- **Records provided**:
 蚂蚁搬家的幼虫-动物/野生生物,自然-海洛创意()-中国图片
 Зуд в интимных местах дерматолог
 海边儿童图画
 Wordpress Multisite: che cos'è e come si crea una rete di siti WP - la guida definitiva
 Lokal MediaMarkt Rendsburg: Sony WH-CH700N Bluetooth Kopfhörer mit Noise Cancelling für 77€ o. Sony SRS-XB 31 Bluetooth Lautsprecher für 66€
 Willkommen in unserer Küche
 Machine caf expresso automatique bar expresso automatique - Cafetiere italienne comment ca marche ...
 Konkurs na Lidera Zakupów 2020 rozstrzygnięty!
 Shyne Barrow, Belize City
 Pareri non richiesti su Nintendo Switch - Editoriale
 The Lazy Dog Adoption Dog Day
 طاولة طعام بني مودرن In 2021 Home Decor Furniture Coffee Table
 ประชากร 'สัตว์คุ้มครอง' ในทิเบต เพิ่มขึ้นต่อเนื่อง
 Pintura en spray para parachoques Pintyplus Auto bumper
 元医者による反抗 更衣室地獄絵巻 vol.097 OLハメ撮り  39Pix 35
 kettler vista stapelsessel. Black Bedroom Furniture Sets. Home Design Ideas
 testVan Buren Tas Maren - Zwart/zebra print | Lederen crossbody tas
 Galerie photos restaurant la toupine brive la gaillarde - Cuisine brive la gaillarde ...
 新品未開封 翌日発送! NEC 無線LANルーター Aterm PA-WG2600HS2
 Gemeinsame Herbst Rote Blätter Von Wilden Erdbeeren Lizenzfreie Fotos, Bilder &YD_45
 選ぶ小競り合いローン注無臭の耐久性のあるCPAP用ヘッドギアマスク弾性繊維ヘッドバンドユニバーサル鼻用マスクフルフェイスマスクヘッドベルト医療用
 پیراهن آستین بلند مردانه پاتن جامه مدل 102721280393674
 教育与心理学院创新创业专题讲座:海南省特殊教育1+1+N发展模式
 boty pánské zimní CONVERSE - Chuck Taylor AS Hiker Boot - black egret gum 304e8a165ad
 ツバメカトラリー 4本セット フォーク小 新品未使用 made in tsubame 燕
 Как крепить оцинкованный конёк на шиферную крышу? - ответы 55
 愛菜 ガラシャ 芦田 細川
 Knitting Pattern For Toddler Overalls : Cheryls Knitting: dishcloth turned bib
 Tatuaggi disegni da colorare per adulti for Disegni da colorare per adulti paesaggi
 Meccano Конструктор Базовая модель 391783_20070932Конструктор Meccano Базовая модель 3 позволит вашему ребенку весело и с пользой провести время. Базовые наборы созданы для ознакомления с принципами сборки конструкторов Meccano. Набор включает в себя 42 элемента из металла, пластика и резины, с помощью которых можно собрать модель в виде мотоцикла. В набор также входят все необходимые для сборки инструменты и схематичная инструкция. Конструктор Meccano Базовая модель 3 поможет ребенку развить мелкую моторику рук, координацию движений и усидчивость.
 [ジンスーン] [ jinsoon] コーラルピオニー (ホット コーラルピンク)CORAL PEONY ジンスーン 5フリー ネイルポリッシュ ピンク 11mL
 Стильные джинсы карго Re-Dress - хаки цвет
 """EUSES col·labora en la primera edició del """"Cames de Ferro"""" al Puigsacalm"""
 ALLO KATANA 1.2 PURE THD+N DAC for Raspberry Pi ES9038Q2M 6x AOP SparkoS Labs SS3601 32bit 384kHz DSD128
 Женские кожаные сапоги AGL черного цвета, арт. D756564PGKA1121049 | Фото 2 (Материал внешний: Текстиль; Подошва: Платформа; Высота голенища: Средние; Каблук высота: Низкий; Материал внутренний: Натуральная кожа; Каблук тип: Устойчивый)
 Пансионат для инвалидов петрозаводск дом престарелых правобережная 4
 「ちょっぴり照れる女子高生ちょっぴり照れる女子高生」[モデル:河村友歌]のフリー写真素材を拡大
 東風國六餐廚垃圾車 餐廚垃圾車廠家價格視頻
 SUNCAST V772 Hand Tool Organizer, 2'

- **Your goal**: All lines above between those holding "Pintura en spray" and "testVan Buren Tas", inclusive, must be set down unchanged, and no other line may be included.

- **Output below**:
 Pintura en spray para parachoques Pintyplus Auto bumper
 元医者による反抗 更衣室地獄絵巻 vol.097 OLハメ撮り  39Pix 35
 kettler vista stapelsessel. Black Bedroom Furniture Sets. Home Design Ideas
 testVan Buren Tas Maren - Zwart/zebra print | Lederen crossbody tas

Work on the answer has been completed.